Skip every picture, then write out exactly the lines of the listing below from the line that contains "Original watercolor on paper. Dimensions 14" through the final line.

Provided data:
***

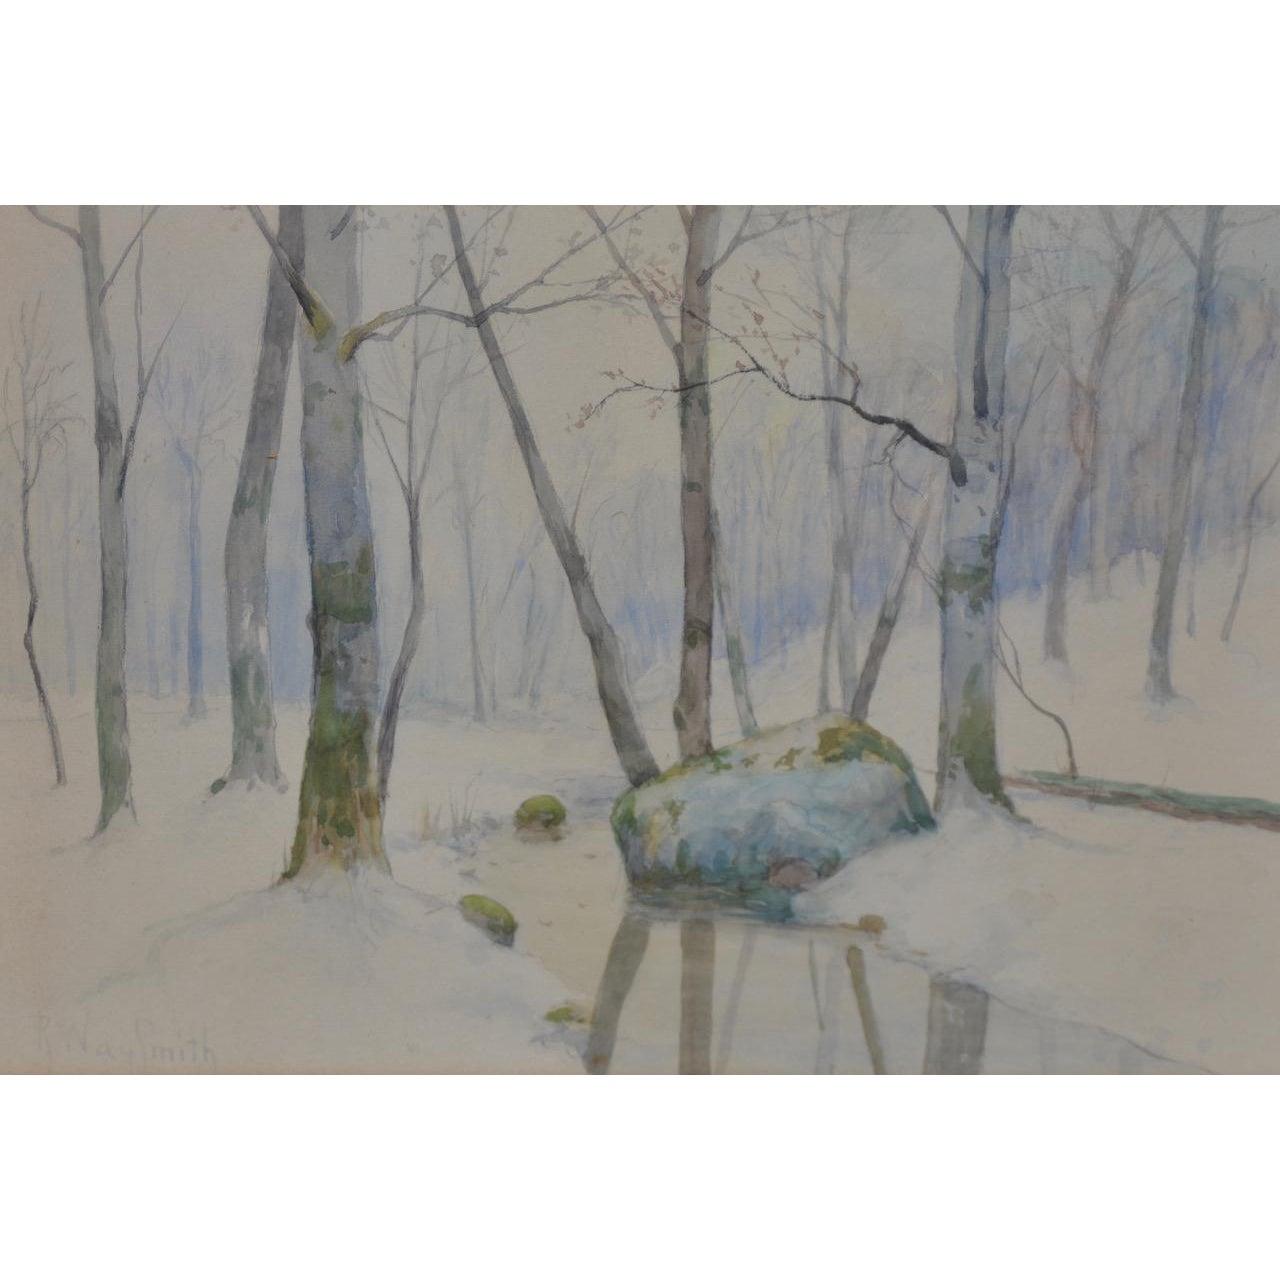 Rufus Way Smith Winter Forest Landscape Watercolor c.1880

Beautiful 19th century watercolor by listed American artist Rufus Way Smith (1840-1900).

Original watercolor on paper. Dimensions 14
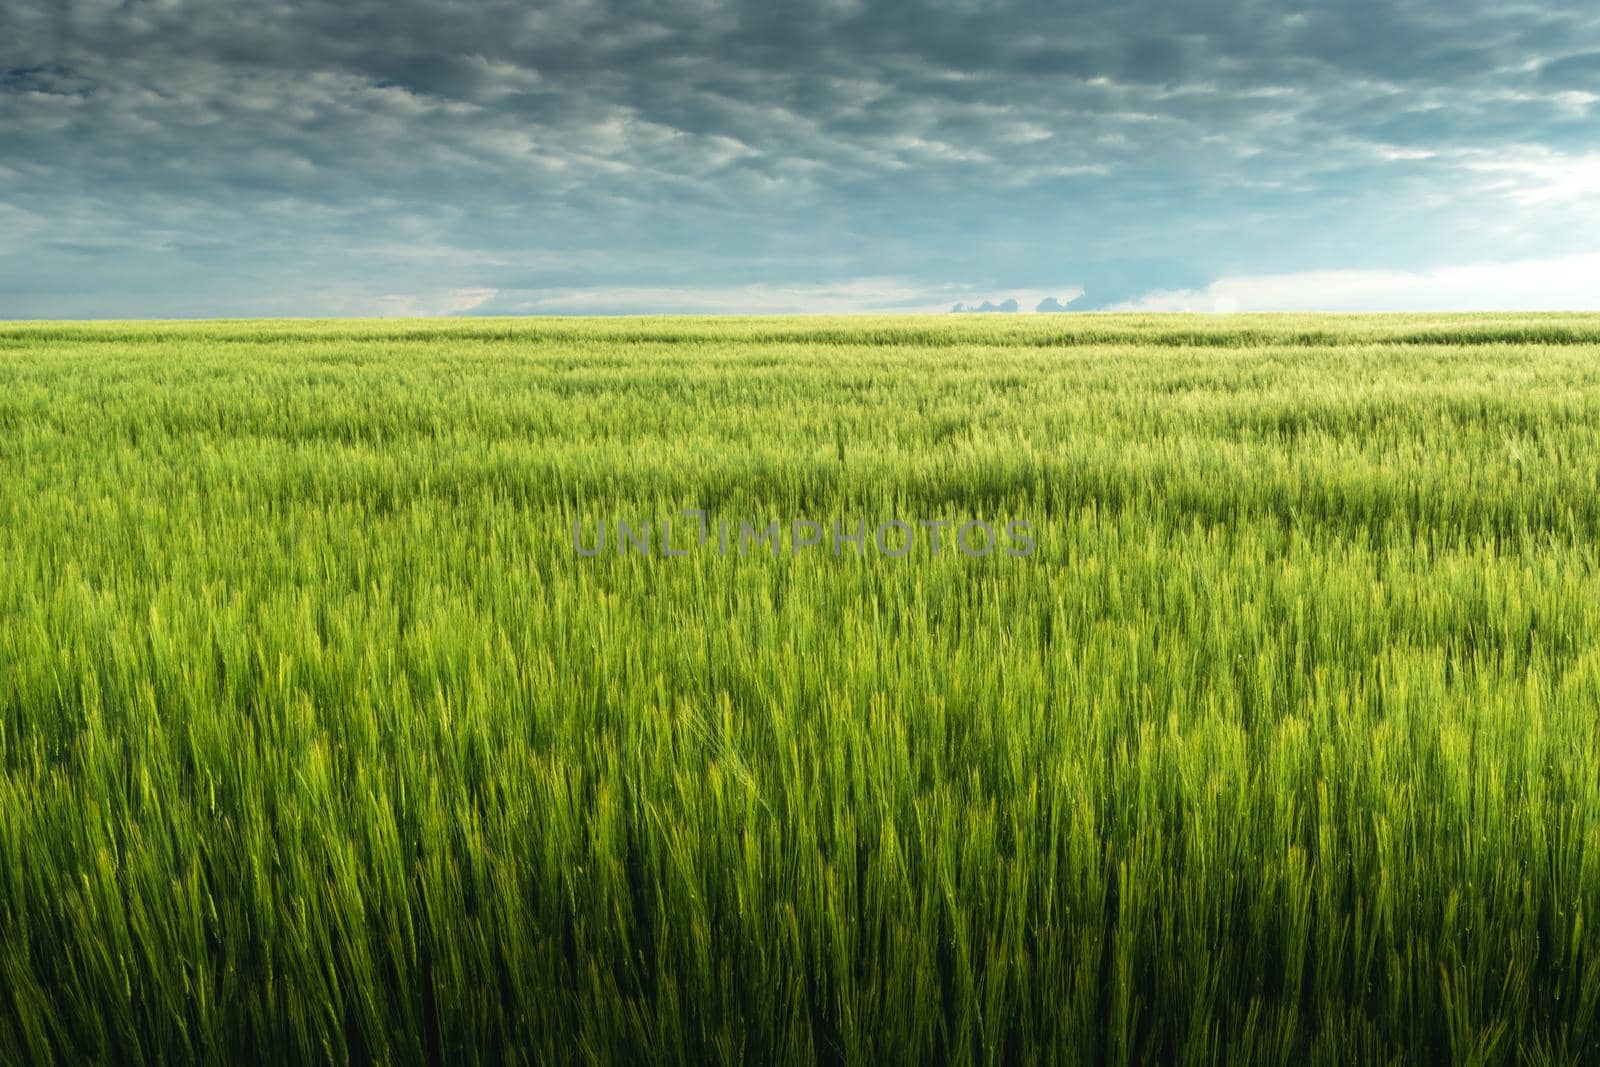 Green barley field and cloudy gray sky, rural view

***

Result:
Original watercolor on paper. Dimensions 14
 Green barley field and cloudy gray sky, rural view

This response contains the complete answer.